Engineering Contradictions & Design Principles
Engineering Contradiction Analysis
1Loss of information
If manual discovery or design is used to identify processes for RPA, then process understanding can be achieved, but it is time, resource, and computing intensive and may expose sensitive information
Solution Approach 1:
The system performs self-service by automatically discovering and documenting processes through sequence extraction from existing logs and records, eliminating the need for manual human intervention that would expose sensitive information while consuming time and resources
Solution Approach 2:
The patent replaces the manual mechanical process of process discovery with an automated computational system that extracts sequences from logs and records, substituting human analysts with algorithmic processing to reduce both time consumption and information exposure risks
2Productivity
If existing sequence extraction configurations are used, then some sequences can be extracted, but critical tasks may be missed, misinterpreted, or overlapped
Solution Approach 1:
The system incorporates feedback mechanisms where extracted sequences are validated against multiple data sources including logs, records, and files, and where the extraction process iteratively refines results to eliminate misinterpretations and overlaps while maintaining extraction efficiency
Solution Approach 2:
The patent segments the sequence extraction process into distinct stages and components, allowing critical tasks to be identified and validated separately, which improves both the efficiency of extraction and the precision of critical task identification by reducing overlaps and misinterpretations
3Reliability
If comprehensive process discovery is performed manually, then all processes can be identified, but the cost and complexity increase significantly
Solution Approach 1:
The system achieves universality by designing a multi-functional automated discovery platform that can handle multiple data sources (logs, records, files) and perform various extraction and validation functions through a single integrated system, reducing overall complexity while maintaining comprehensive process identification
Solution Approach 2:
The patent introduces intermediary components that mediate between raw data sources and the final process identification results, using sequence extraction as an intermediate step to bridge comprehensive data analysis with reliable process identification, thereby reducing system complexity
Data Source
AI summary
A sequencing model may be utilized for captured steps of a workflow of an application.

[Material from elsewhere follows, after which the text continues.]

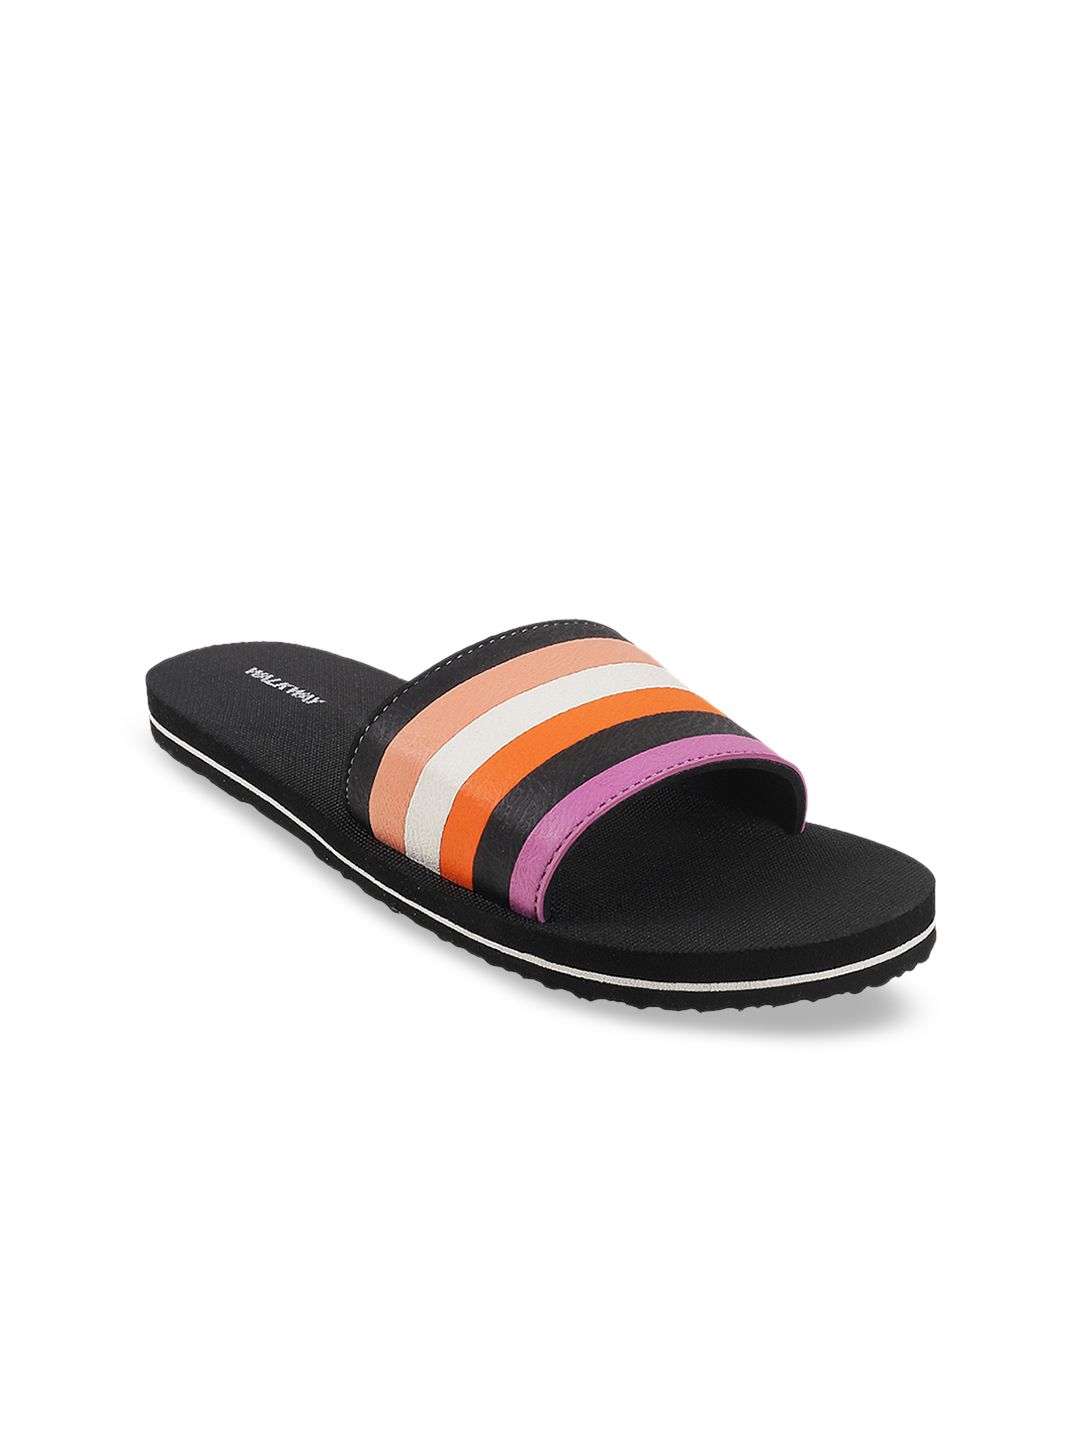 WALKWAY by Metro Women Orange & White Striped Thong Flip-Flops Price in India

The sequencing model may determine processes and state transitions for the captured steps. A variance, a judgment action, or a rule-based action may be identified based on the sequencing model and changes of a log file of actions in relation to the captured steps. A hierarchy may be generated based on the identified variance, the judgment action, or the rule-based action to automatically generate an automated workflow for robotic process automation (RPA) by a robot.